Голос гремит где-то вверху – сто двенадцать, сто тринадцать, сто четырнадцать… не сбиться, считать, это крепкая стена, и кирпичи старые, спаянные раствором и временем, их не пробить словами, символы всегда сильнее… сто двадцать пять, сто двадцать шесть…

– Паша.

Он вскочил, грудь его ходила ходуном, пот залил его – и голова раскалывается, словно кирпичи, которые он считал, перебрались туда и тянут её вниз.

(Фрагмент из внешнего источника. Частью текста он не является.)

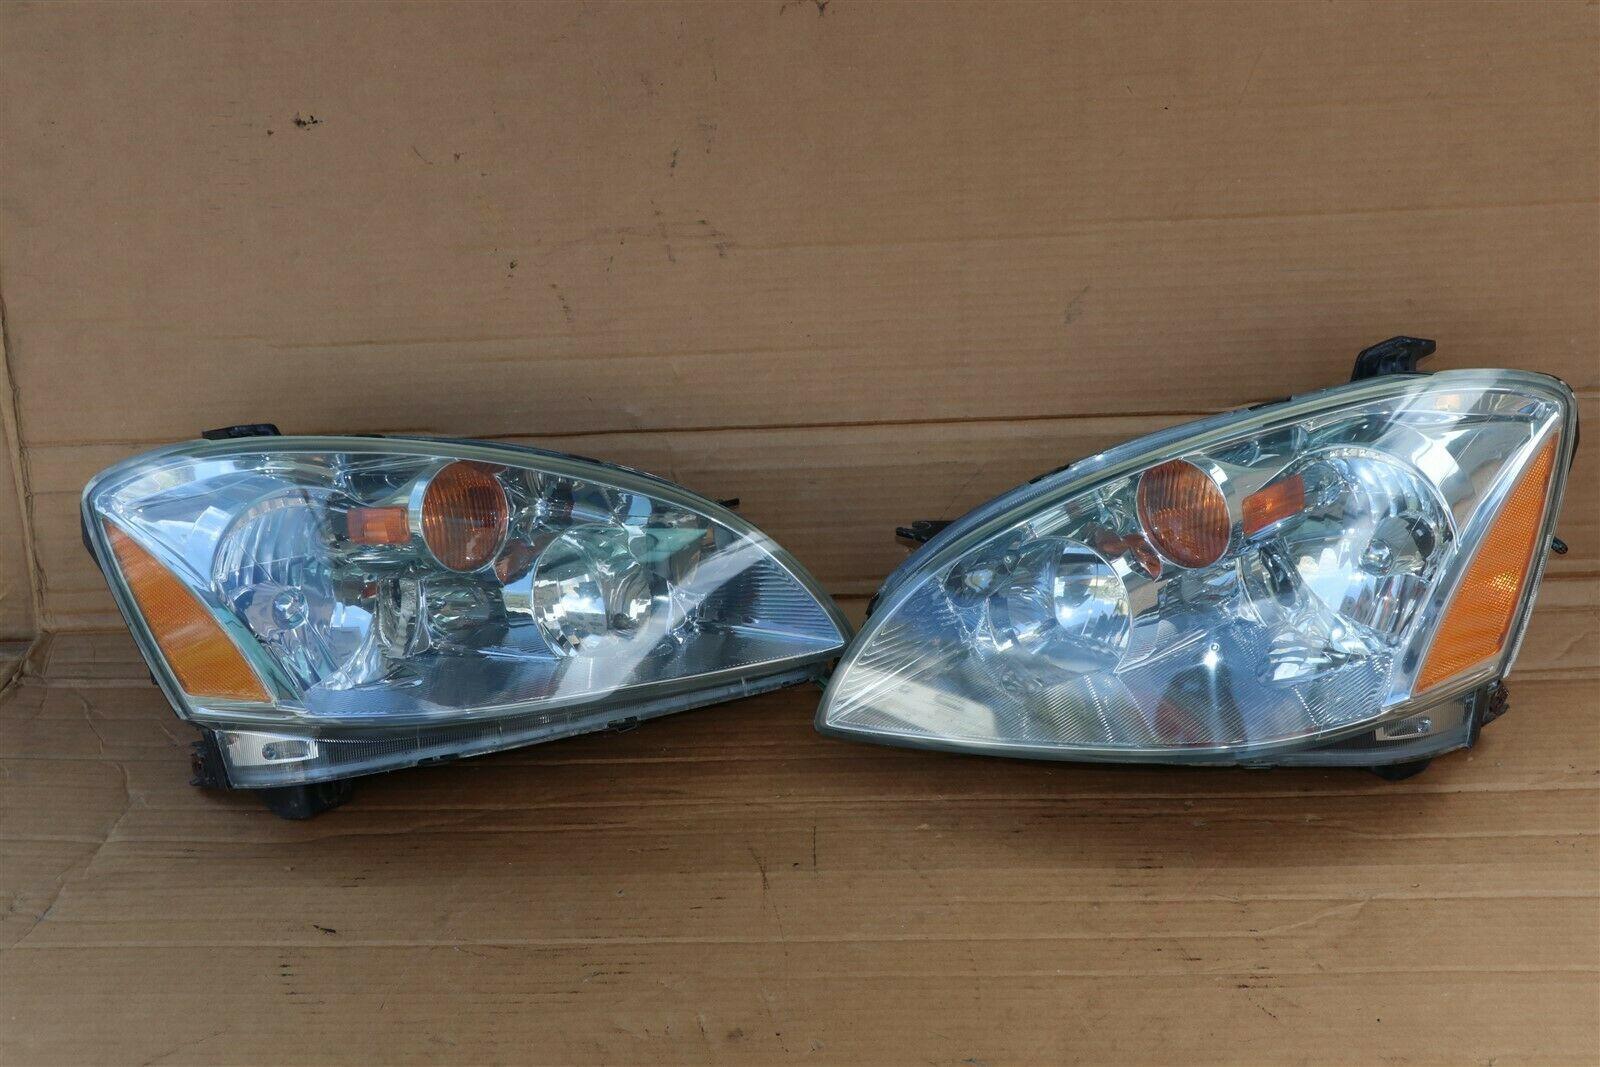 03-04 Nissan Altima Xenon HID Headlight Head Light Lamps Set L&R - POLISHED

– Паша, успокойся, слышишь меня?

Над ним склонилось знакомое лицо, тёплая сухая ладошка легла на лоб. Синие встревоженные глаза, растрёпанные светлые волосы – и голос, который он узнал раньше, чем лицо. Это Ника с ним. Или она ему снится, он не знает.

– Макс, дай мне полотенце.

Кто-то протягивает ей полотенце, влажное и прохладное, и Павел опускается на подушку. Ника с ним, а это значит… Ничего это не значит. Это может быть сном, галлюцинацией, стену он потерял, и нужно строить её заново, а как тут строить, когда Ника положила ему на голову прохладное, тяжёлое от влаги полотенце.

– Ника…

– Паш, я с тобой, мы все здесь. Макс, иди сюда, сядь рядом.

Павел смотрит на эти два лица, освещённых светом ночника, – одинаковые глаза и волосы светлые, и губы, готовые улыбнуться. Он вздохнул и попытался сесть, две пары рук подхватили его, помогая устроиться удобнее.

– Паш, пить будешь?

– Буду.

Она подаёт ему кружку с водой, и он пьёт, вспоминая каждый кирпич стены – он должен быть готов в любой момент вернуть её на место, потому что он плохо отличает, где настоящее, а где сон.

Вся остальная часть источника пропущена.